What you are asked to do –
When you copy the listing, skip the images and return each line verbatim.

Source data –
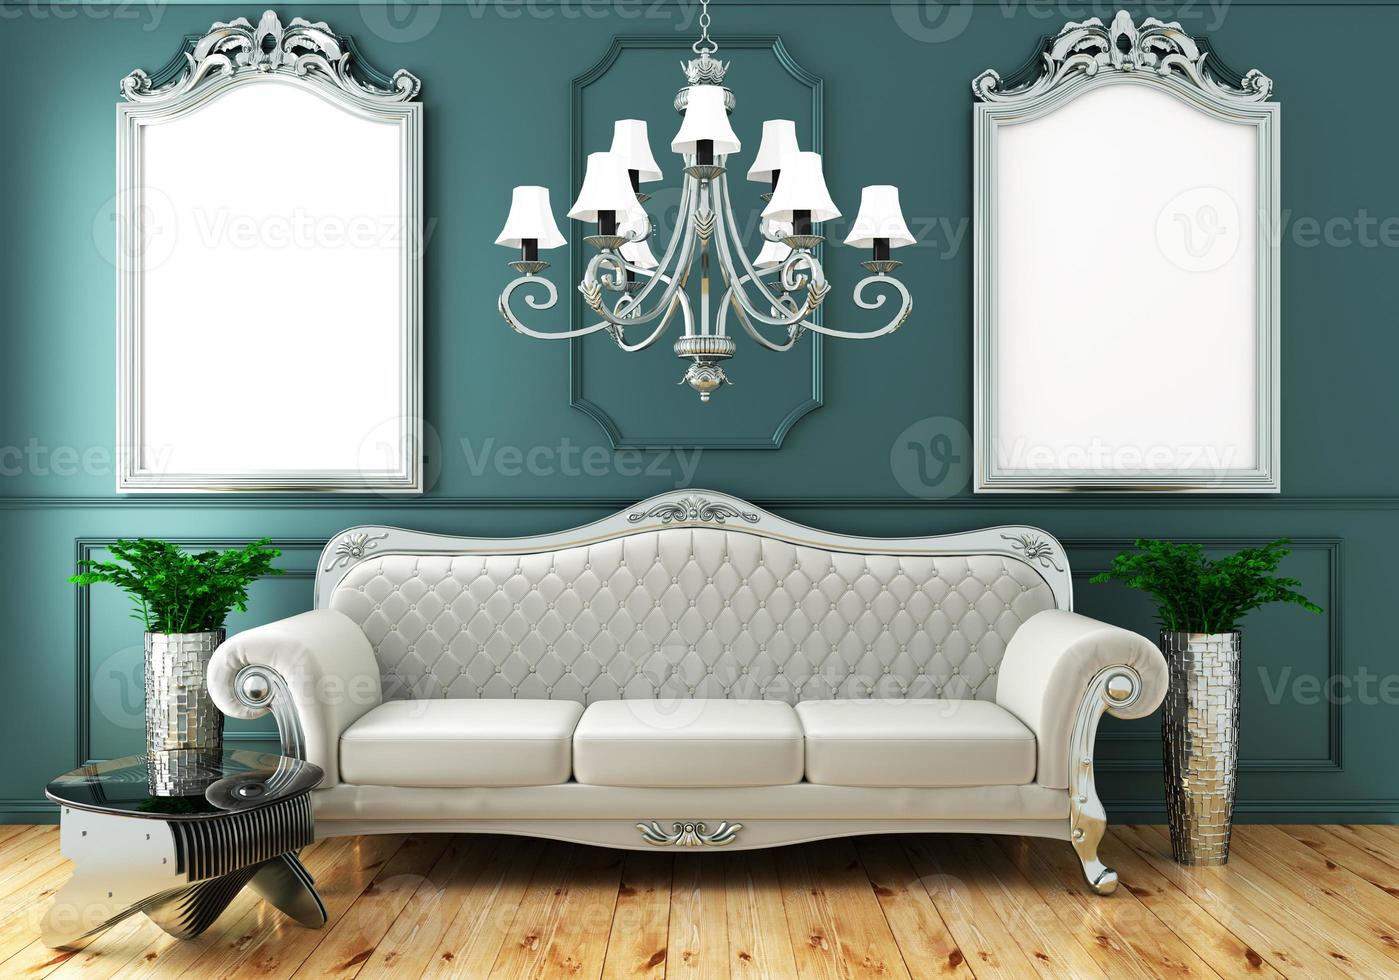 Estilo clásico de lujo de vida interior, decoración de pared de menta verde sobre piso de madera, representación 3d foto
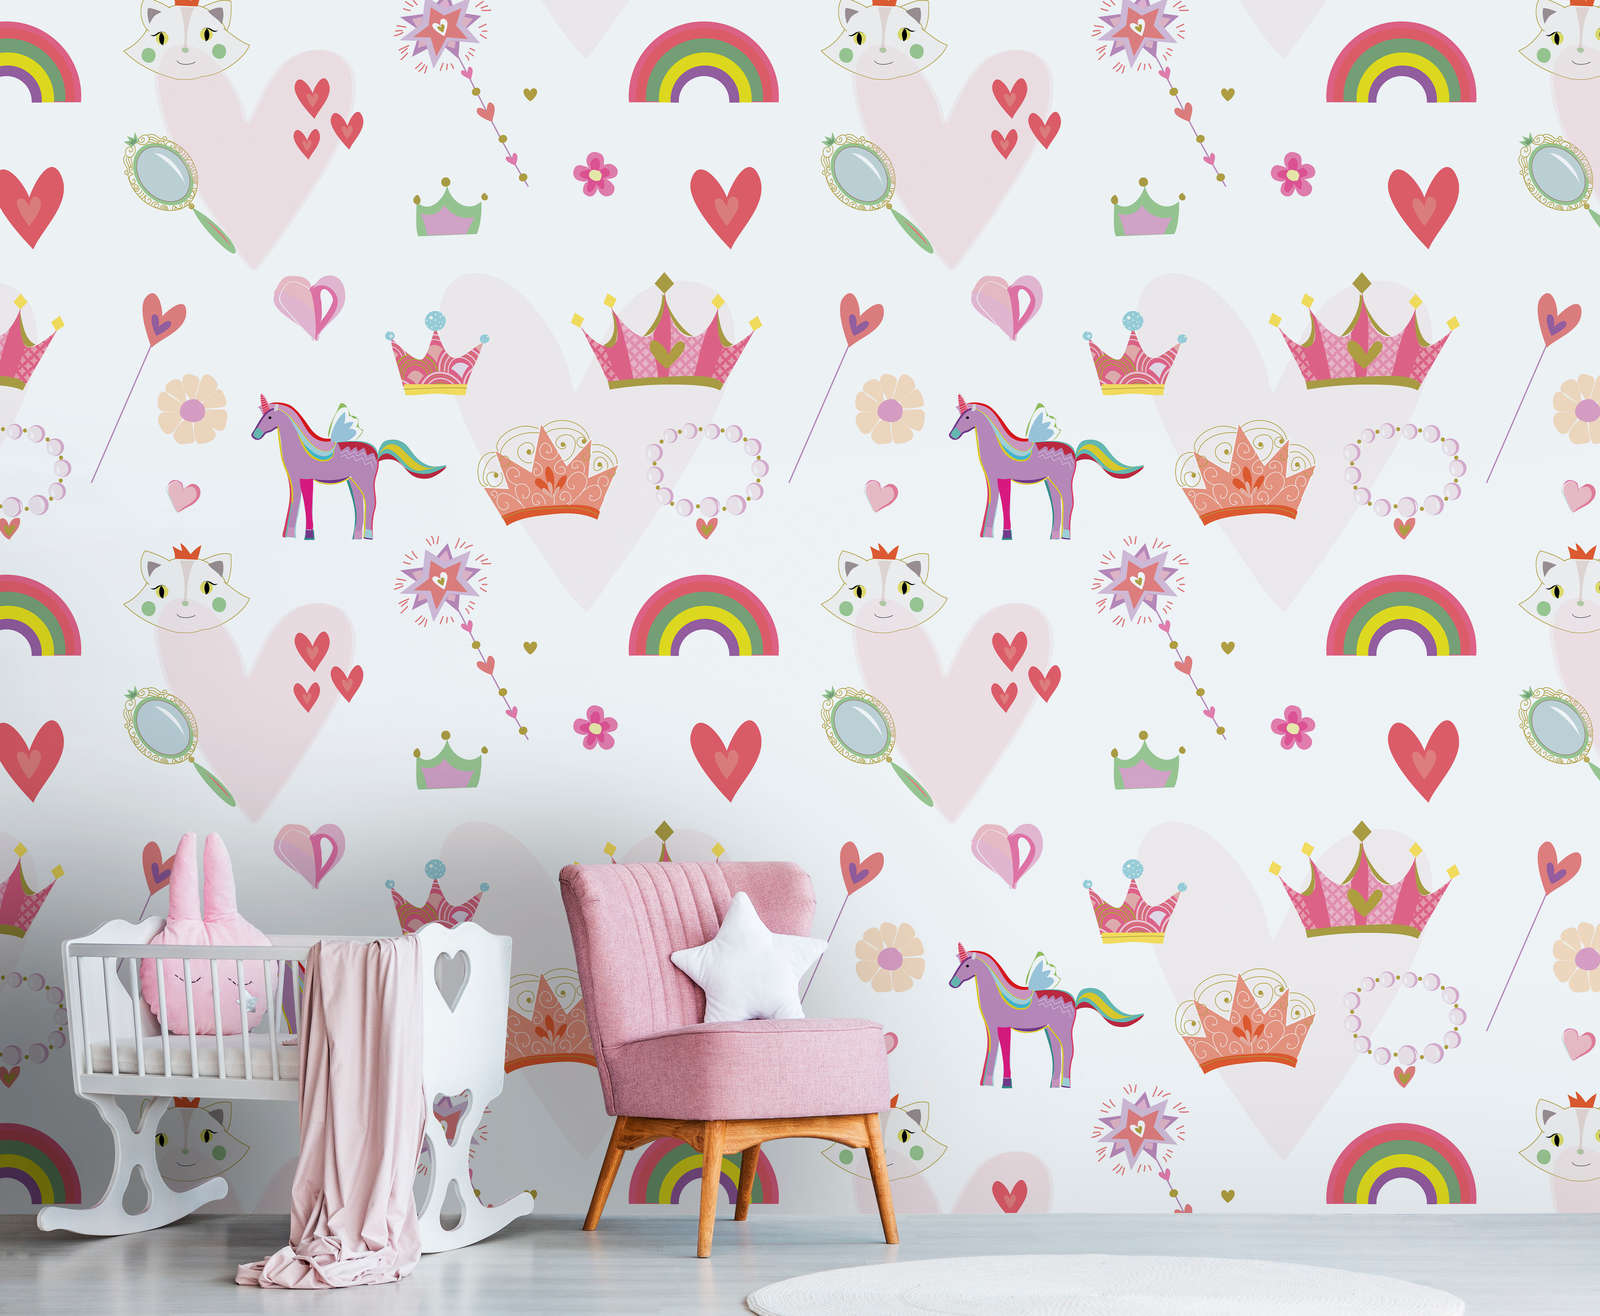             Papier peint enfant style princesse avec cœurs et animaux - multicolore, rose, blanc
        
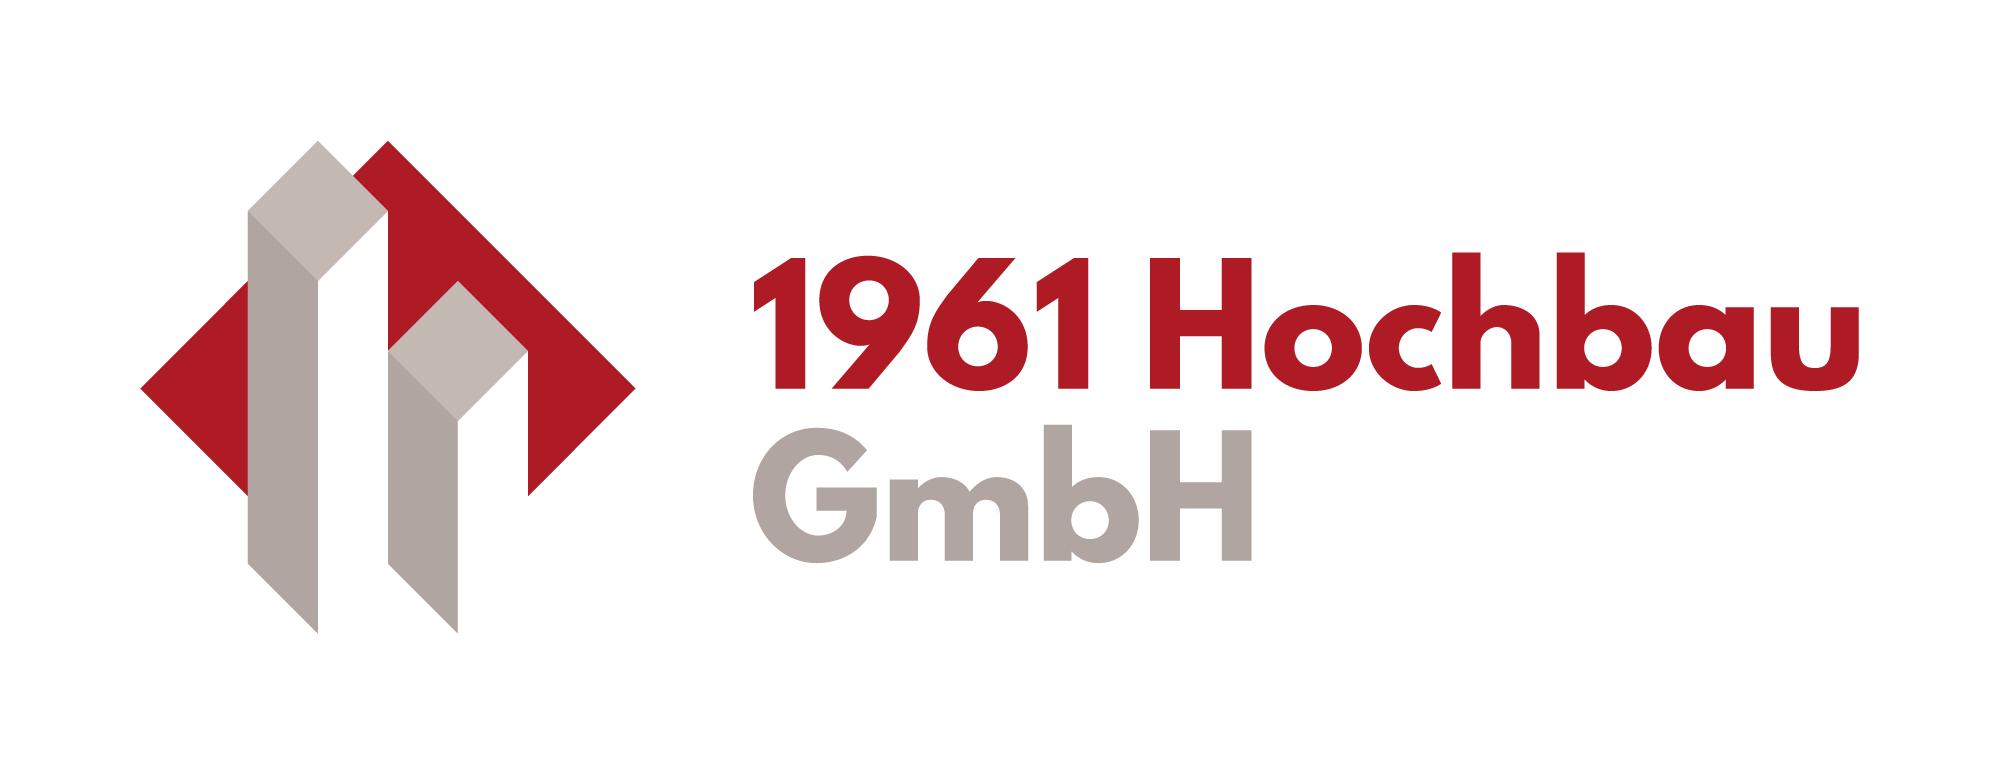 1961 Hochbau GmbH
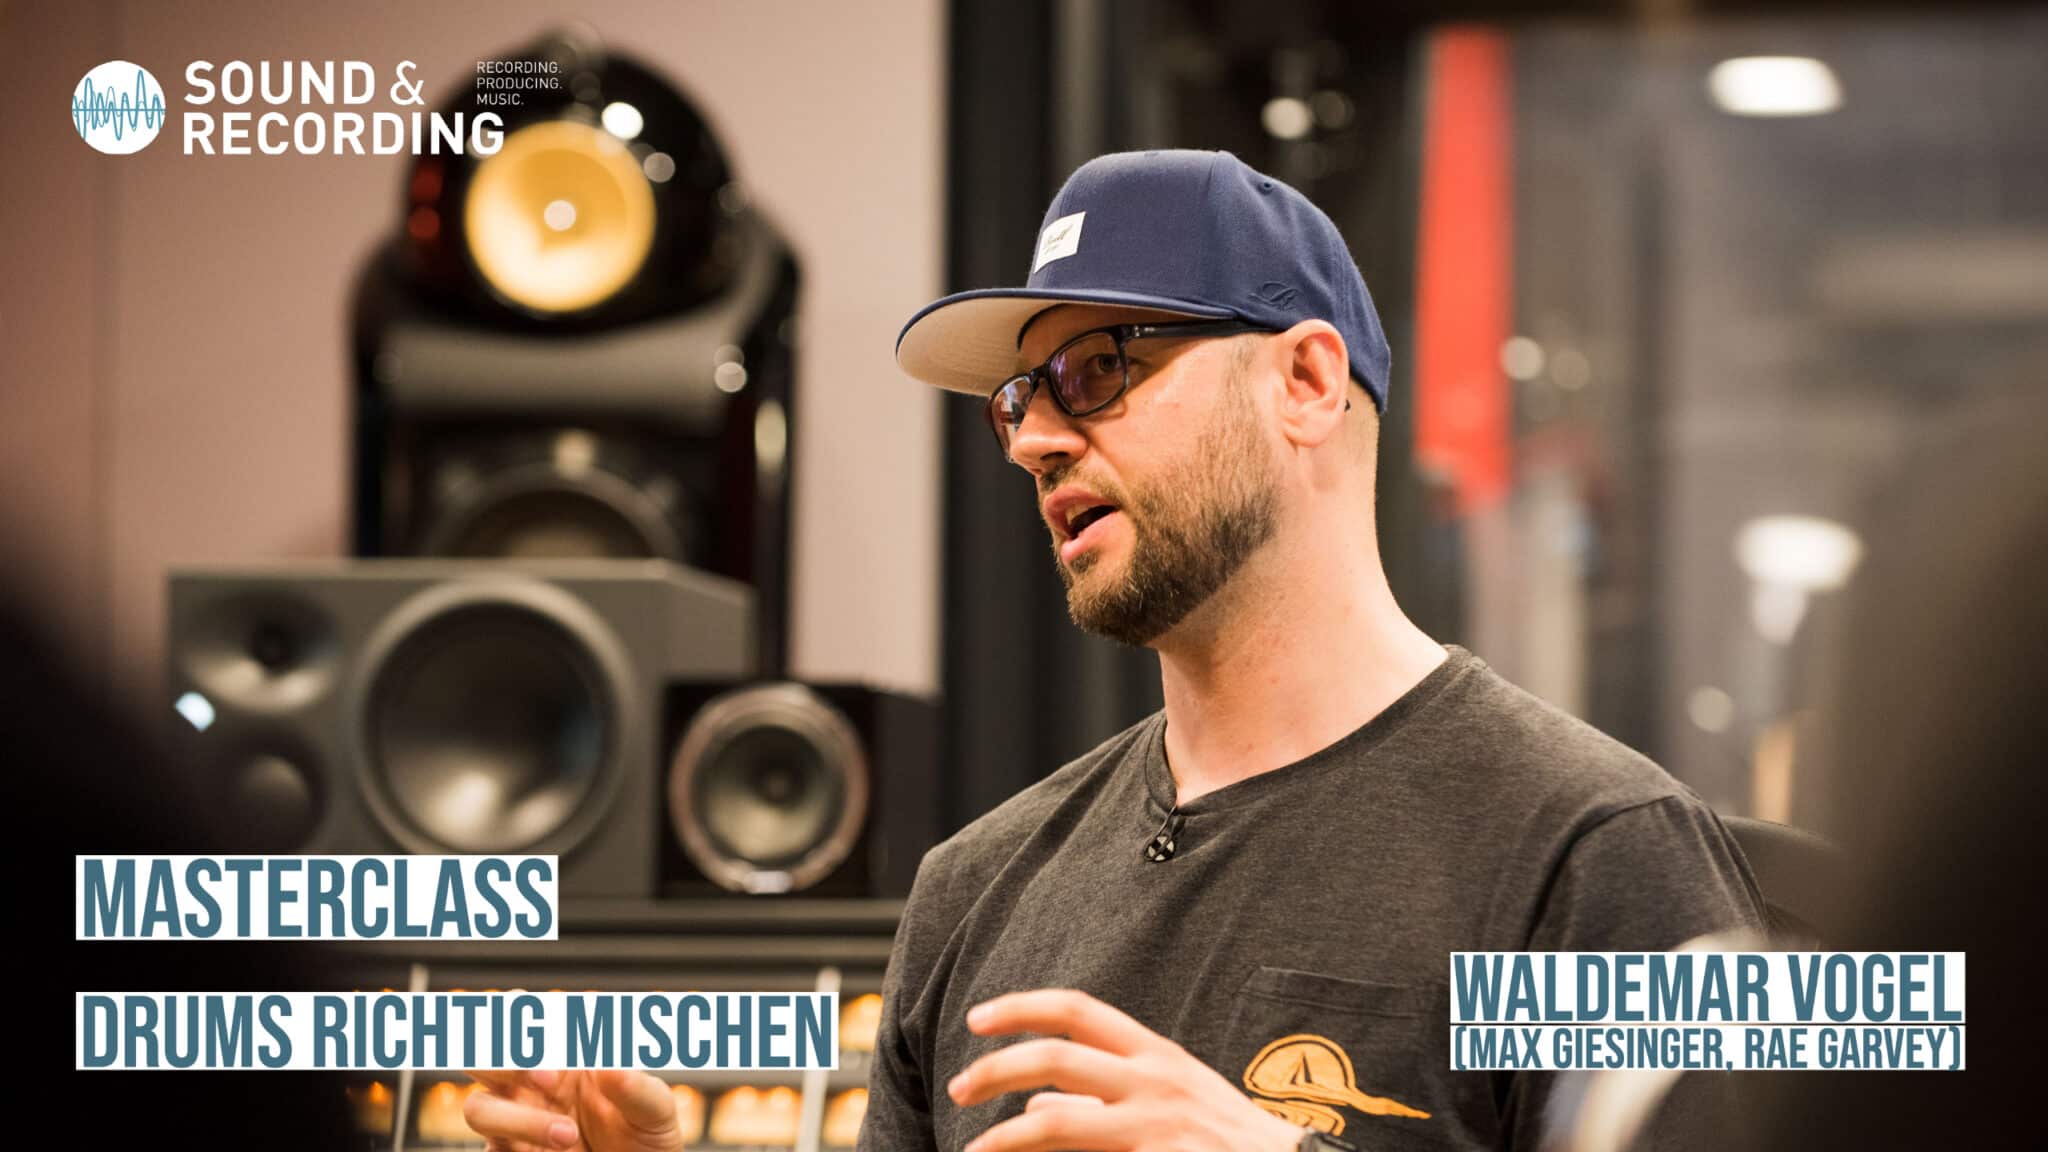 Produkt: Masterclass: Drums mischen im Indie-Style mit Mixing Engineer Waldemar Vogel

Written response –
 Estilo clásico de lujo de vida interior, decoración de pared de menta verde sobre piso de madera, representación 3d foto
             Papier peint enfant style princesse avec cœurs et animaux - multicolore, rose, blanc
        
 1961 Hochbau GmbH
 Produkt: Masterclass: Drums mischen im Indie-Style mit Mixing Engineer Waldemar Vogel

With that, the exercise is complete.